Gregory Warner: 20:00 He worked for the subway most of his life.

Bryon Frowner: 20:02 Now, I consider myself a science researcher.

Gregory Warner: 20:07 At 71 years old, he's basically teaching himself-

Bryon Frowner: 20:10 Quantum physics. That's what all the books and stuff you see around. I love that stuff.

Gregory Warner: 20:15 He's written this book called-

Bryon Frowner: 20:16 Einstein's Error.

Gregory Warner: 20:18 Criticizing special relativity, Einstein-

Bryon Frowner: 20:21 I sent it to the New York academy of scientists, Caltech, MIT, Harvard, Steven Hawkins.

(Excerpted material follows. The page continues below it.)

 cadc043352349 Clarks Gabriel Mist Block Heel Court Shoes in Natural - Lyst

Still waiting for him to get back.

Gregory Warner: 20:28 Most people just ignore him.

Bryon Frowner: 20:29 These are the ravings of a maniac.

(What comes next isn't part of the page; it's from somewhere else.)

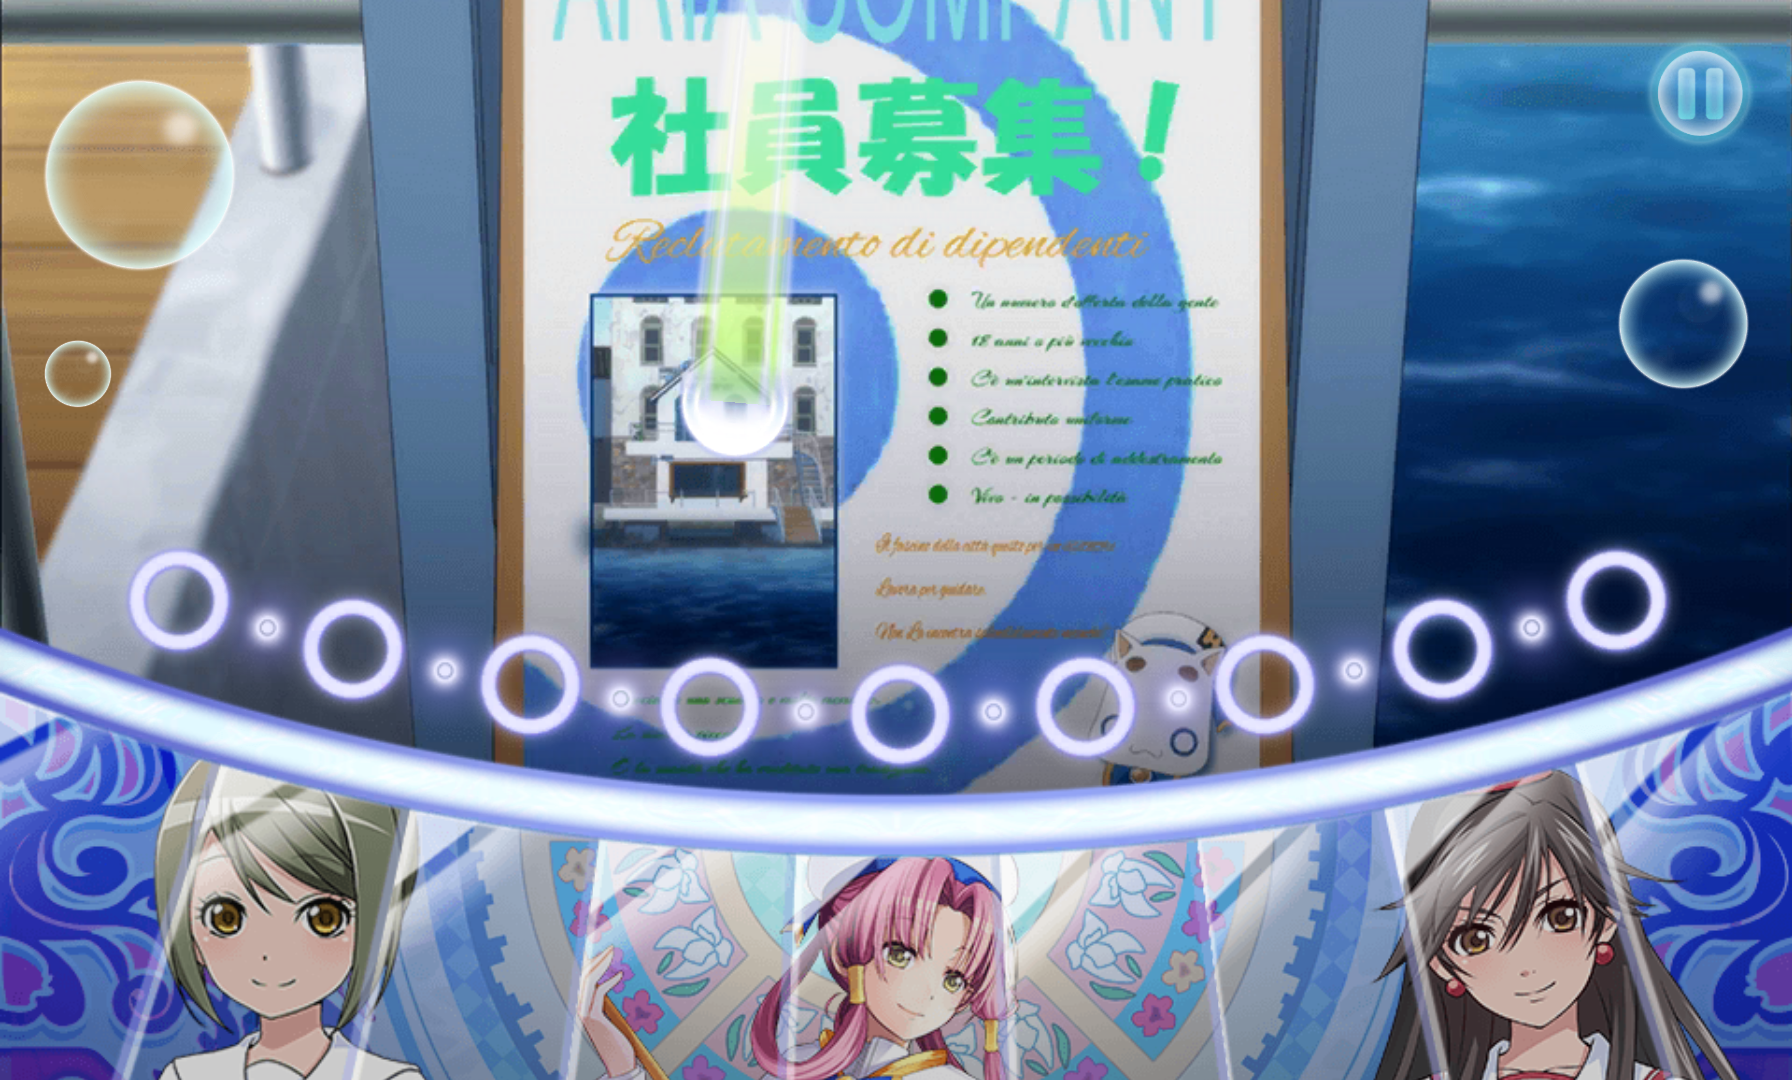 androidアプリ ARIA 〜AQUA RITMO〜攻略スクリーンショット4

Gregory Warner: 20:31 Then he points to this letter on the wall from-

Bryon Frowner: 20:33 Neil Degrasse Tyson.

Gregory Warner: 20:35 I know that name.

Gregory Warner: 20:36 This major scientist.

Robert Krulwich: 20:37 Yes. The head of the Hayden Plantarium in Manhattan.

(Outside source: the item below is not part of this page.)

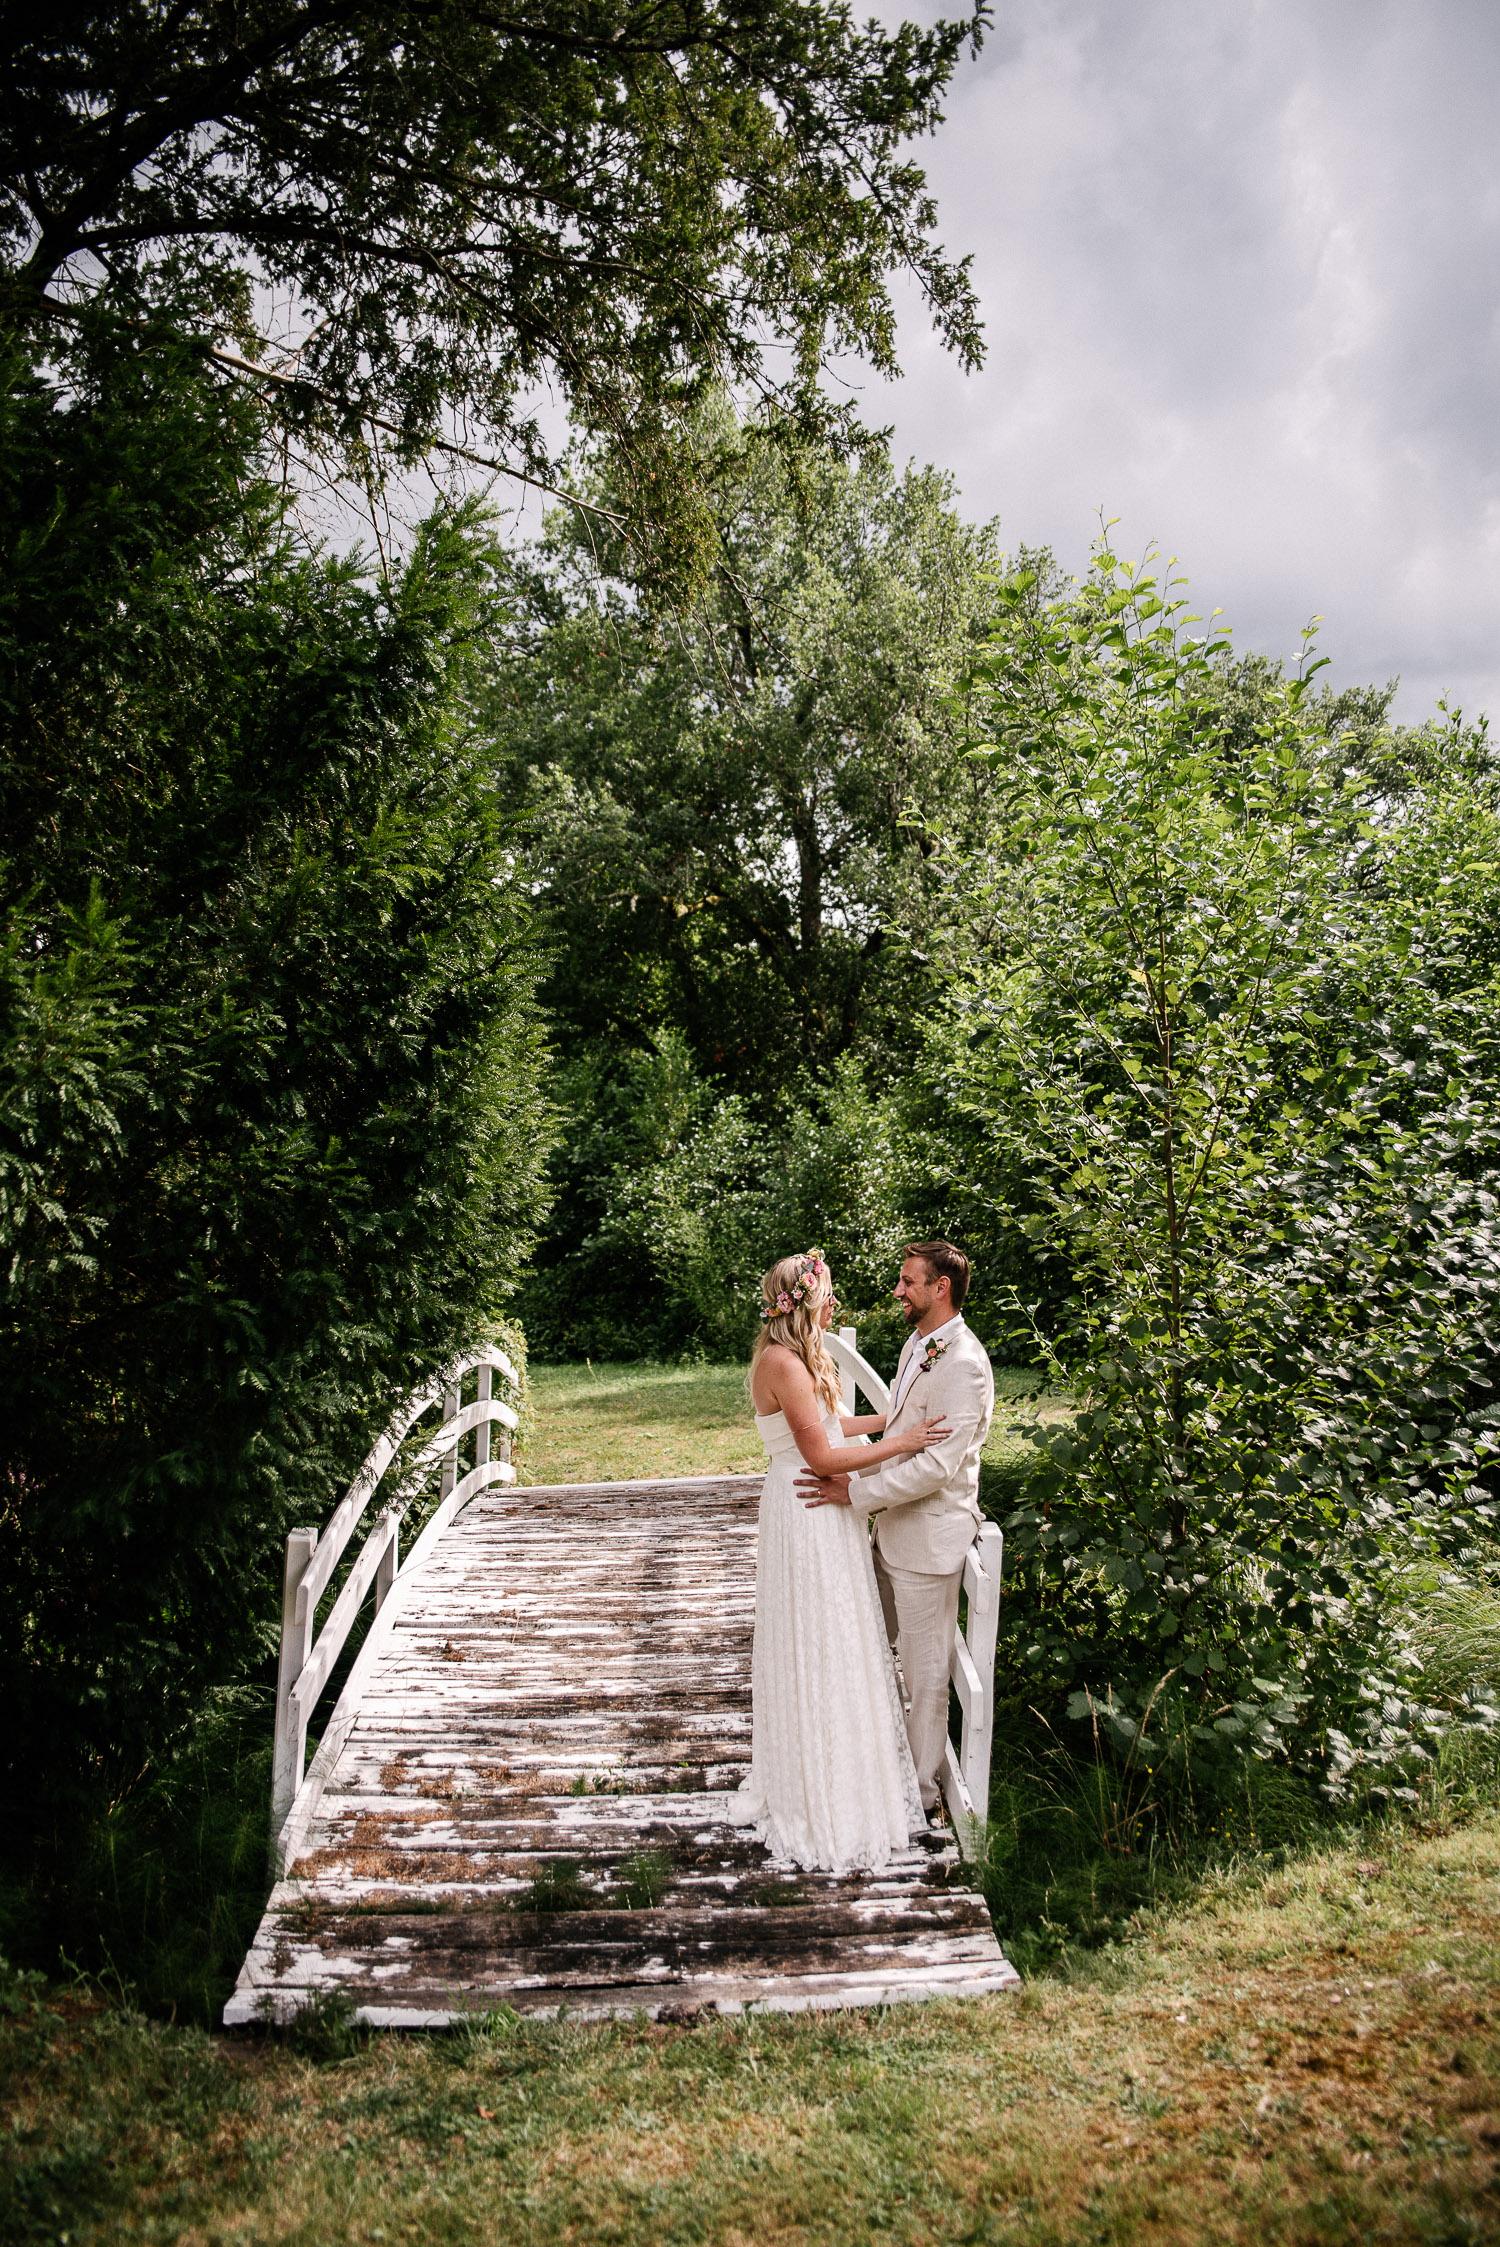 chateau_de_lisse_gers_wedding_katy_webb_photography_france_UK74

Gregory Warner: 20:40 Exactly, yeah. It says-

Bryon Frowner: 20:41 How dare you. You're just an engineer.

Gregory Warner: 20:46 And he's beaming.

Robert Krulwich: 20:47 Why?

Gregory Warner: 20:48 Why do you smile when you talk about that letter from Neil Degrasse Tyson?

Bryon Frowner: 20:52 Because I know how foolish it is. Einstein, they didn't even want to read his paper. They said, "Who is this guy, upstart, he's just a patent examination clerk in Bern"

Gregory Warner: 21:04 Byron Frowner is a man who's proud to go against the grain.

Bryon Frowner: 21:09 What other people do I don't really do.

Gregory Warner: 21:13 That's especially true with how he raised his sons.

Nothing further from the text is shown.